You find yourself taking up all the events that come up through the weekends, watch a play, visit exhibitions, learn a new skill (I’m finally learning how to play the guitar [not to serenade anyone though]  and make the water my friend, apparently I fight with it too much that is why I cannot stay afloat with grace like Kev, how you make water that is more than a glass “your friend” is still a concept I am finding hard to grasp, but I can now do a back stroke while bear hugging a swimming board) and finally and most importantly free food opportunities that do come your way.

In regard to free real good food there is someone who deserves a special mention. How the universe engineered us knowing each other is absolutely eccentric, but if the end justifies the means, this is already justified (Disclaimer: Do not try this, I cannot guarantee similar results!).
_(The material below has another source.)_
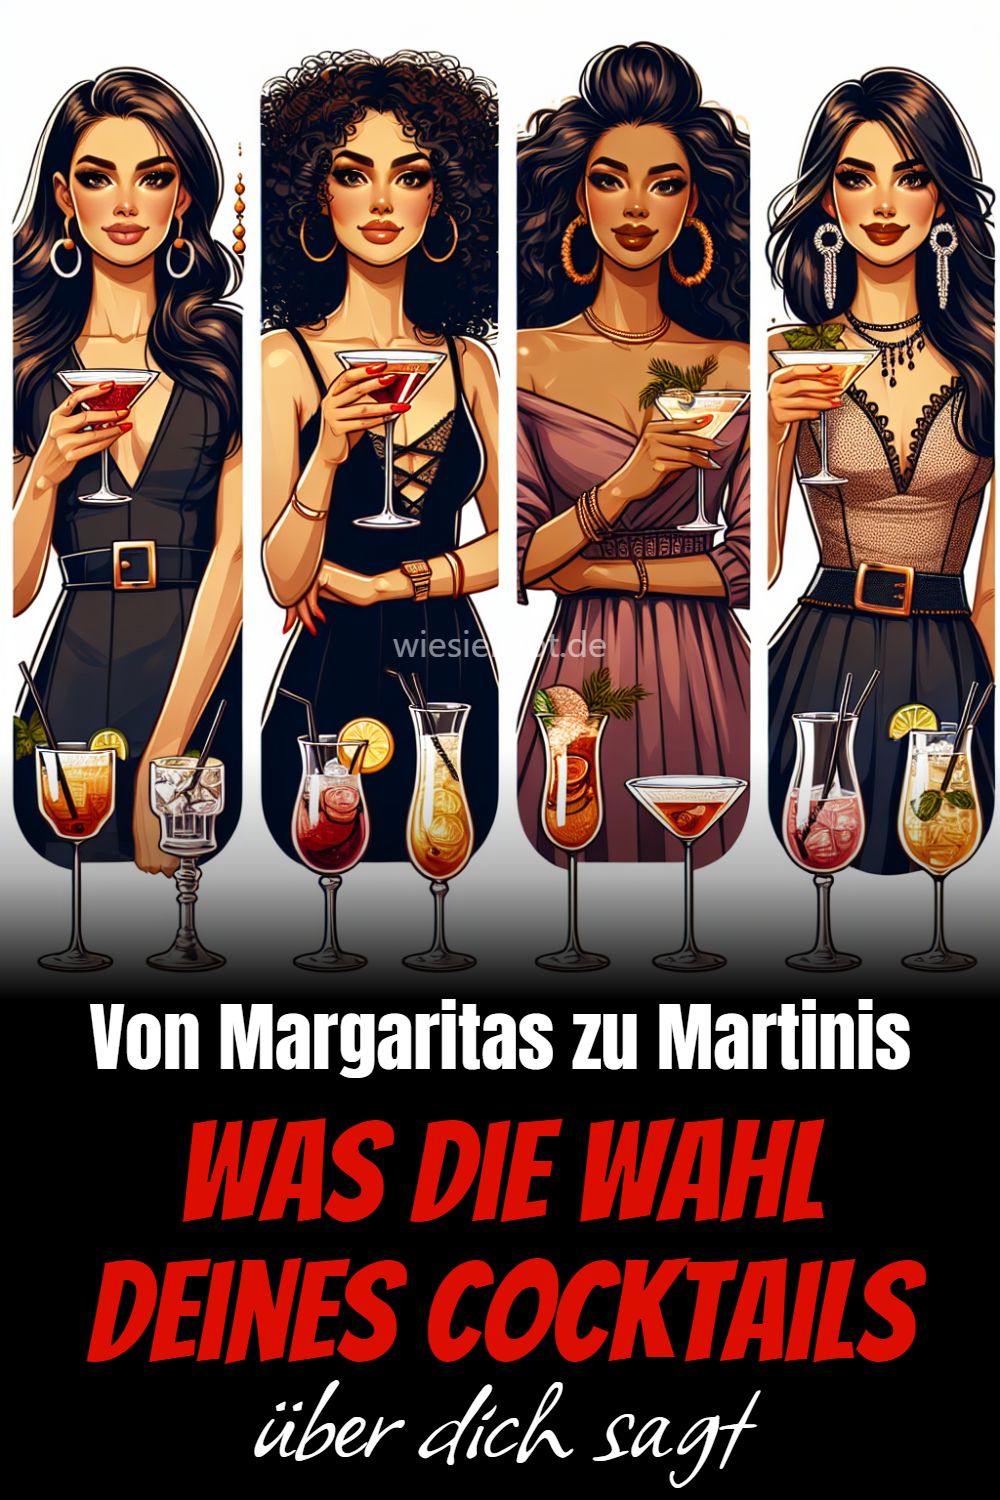 Was die Wahl deines Cocktails Von Margaritas zu Martinis über dich sagt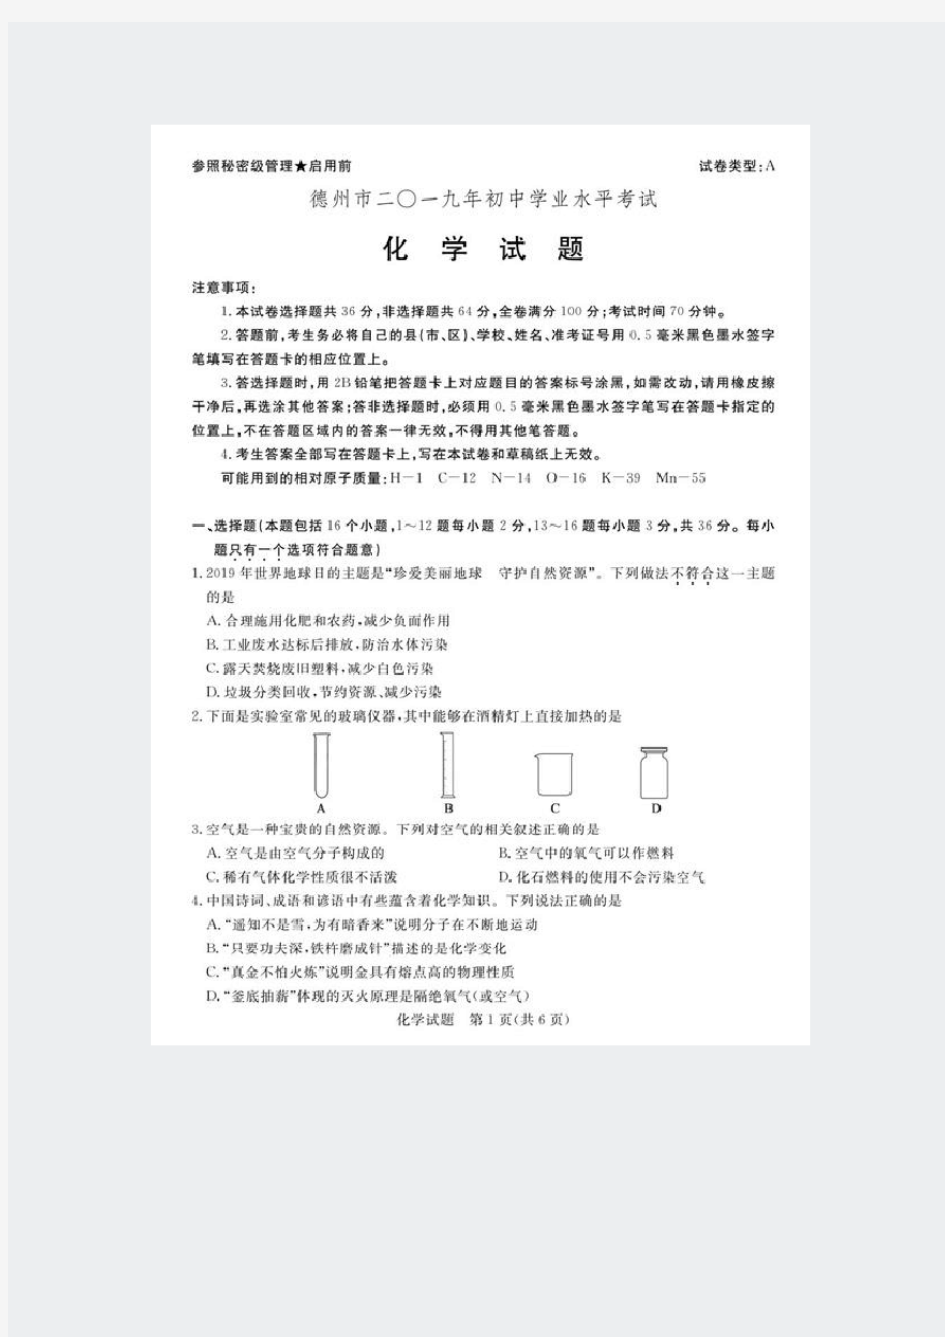 中考真题电子版-化学山东各省市-2019003

Valentines and new underwear or lack of thereof ignited my curiosity enough to want to know who this deviant was. If you are a guy wouldn’t you curious about a lady who doesn’t care about the commercialization of valentines? Dry Red wine for free food? I’m in! Apparently she can cook, things I cannot pronounce without embarrassing myself, so next time someone tells me she can’t cook, I will direct her to someone who has defended a thesis and can put together a pretty decent meal. Alex, your food could not afford to miss out on the highlights of my 360 days.

************

All said and done, it is a continuous learning curve. You learn to live with people around you. You get to discover yourself. And the finally get to break loose from your parents’ nest and begin being responsible on your own without need to be told what needs to be done or followed up on.

I hope the next 360 days, will be more of polishing up and fewer trial and error moves/habits. Since I now understand what works and what doesn’t.